** Exercise requirements **
Your task is to transcribe exactly, and only, the lines running from the one with "Oackland Raiders 1981 champions ring" to the end of the listing below, inclusive, with every picture left out.

[Opening Information shown section]

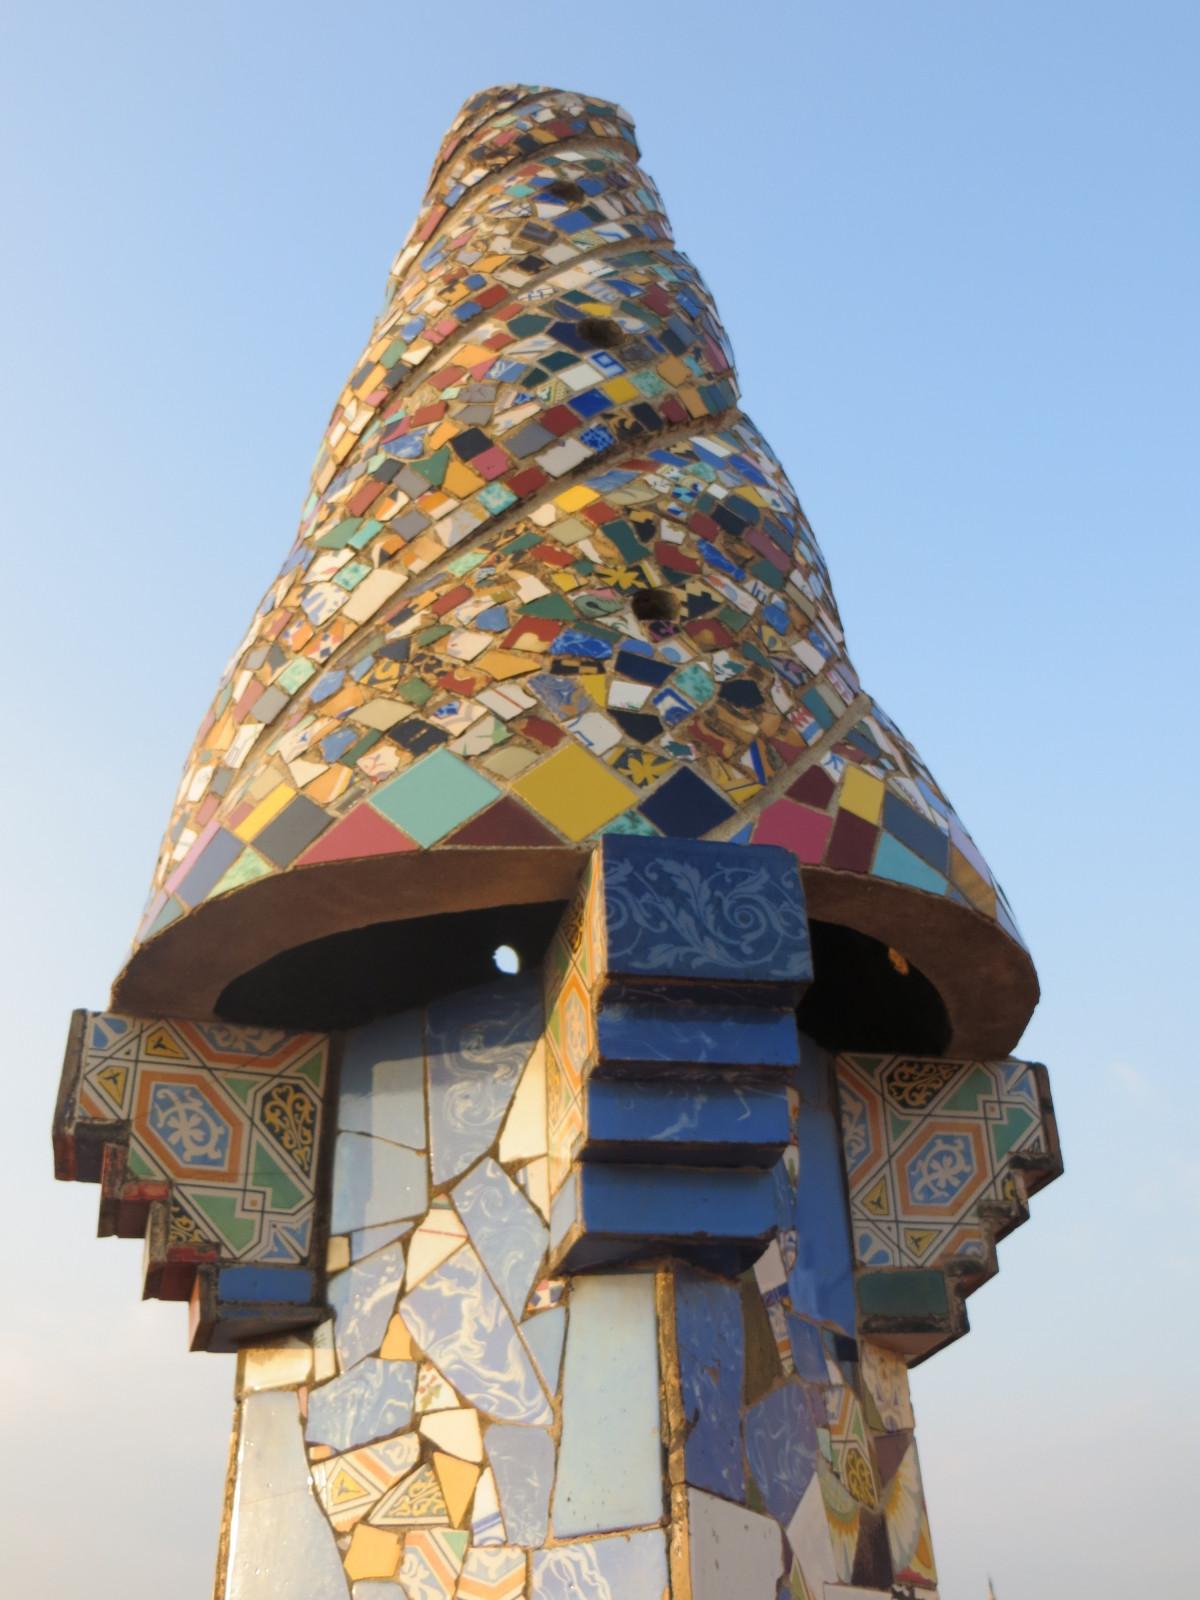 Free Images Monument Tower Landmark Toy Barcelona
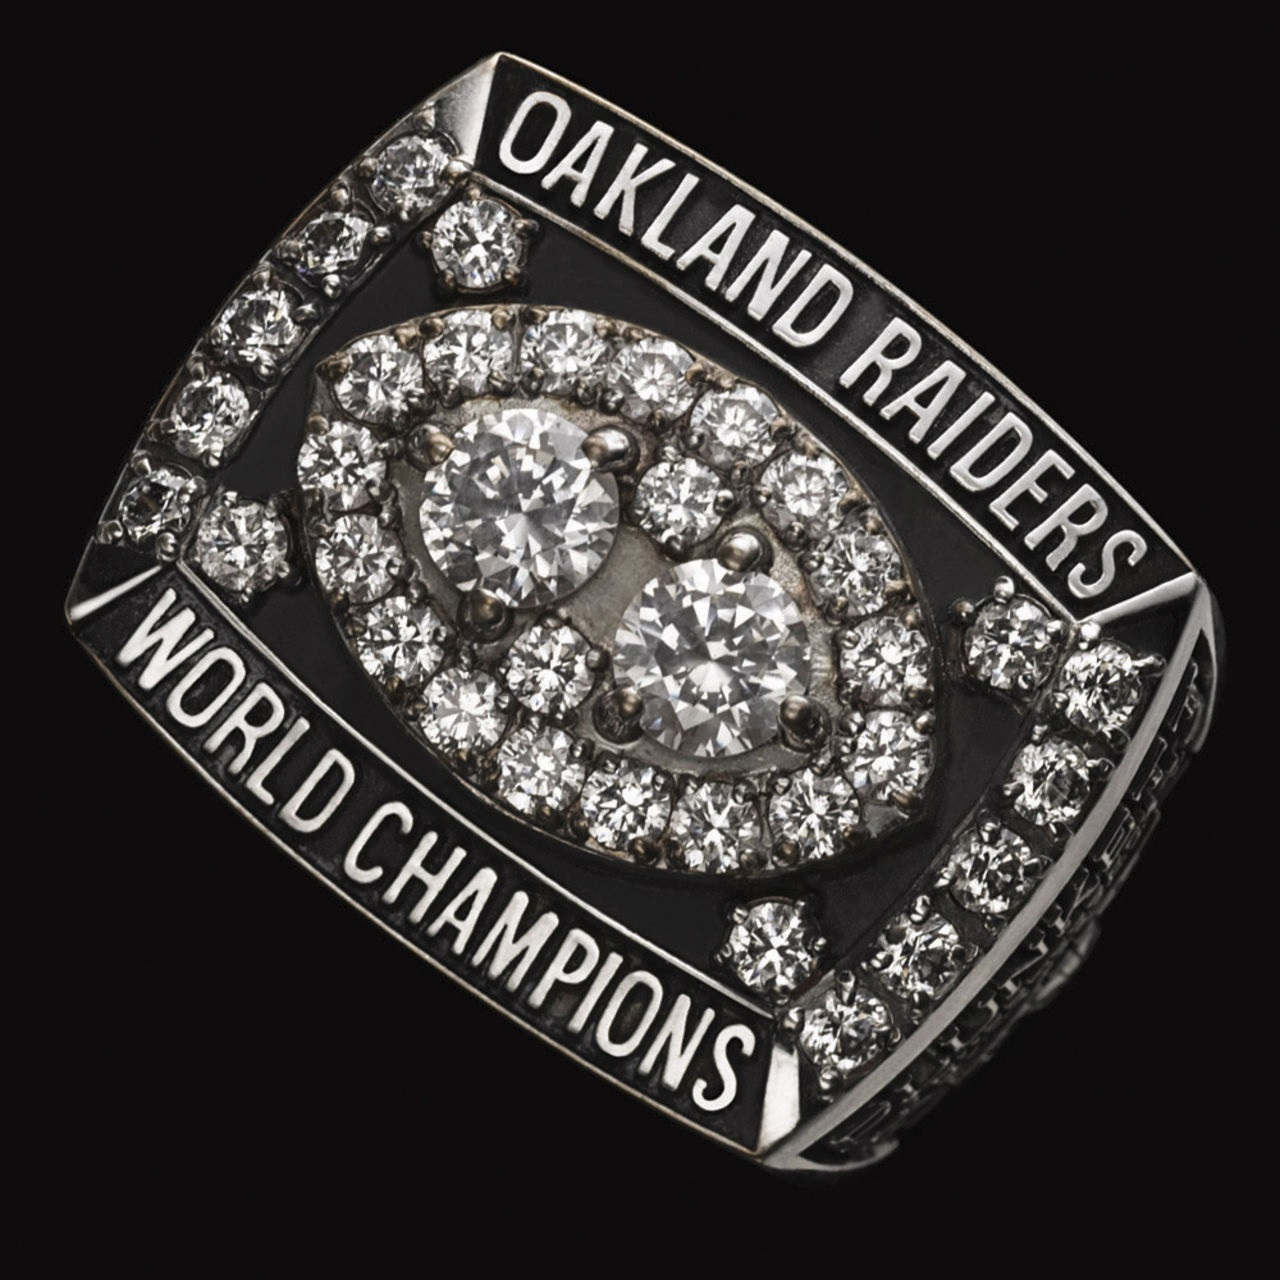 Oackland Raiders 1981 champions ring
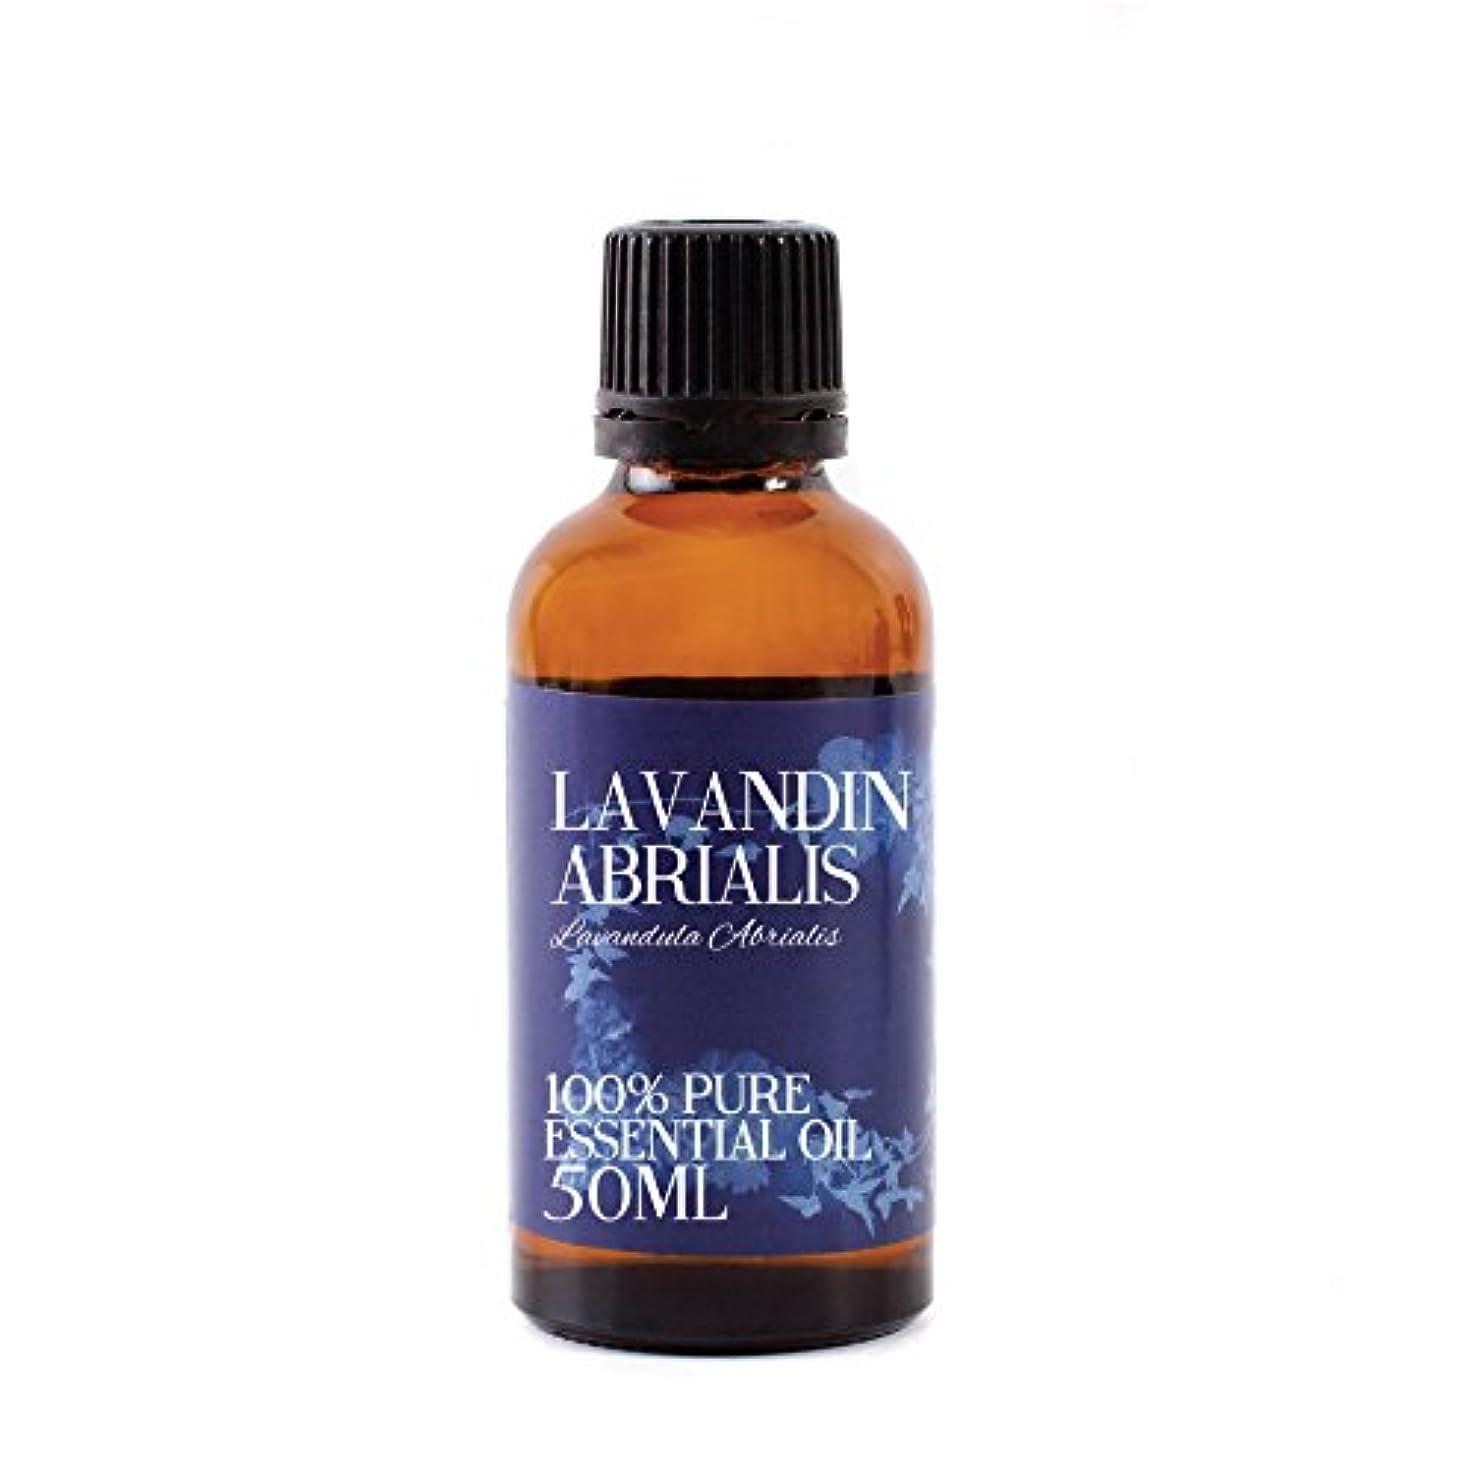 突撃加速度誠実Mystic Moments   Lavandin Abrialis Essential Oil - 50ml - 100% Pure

[Closing Information shown section]

** Result of this exercise **
 Oackland Raiders 1981 champions ring
 突撃加速度誠実Mystic Moments   Lavandin Abrialis Essential Oil - 50ml - 100% Pure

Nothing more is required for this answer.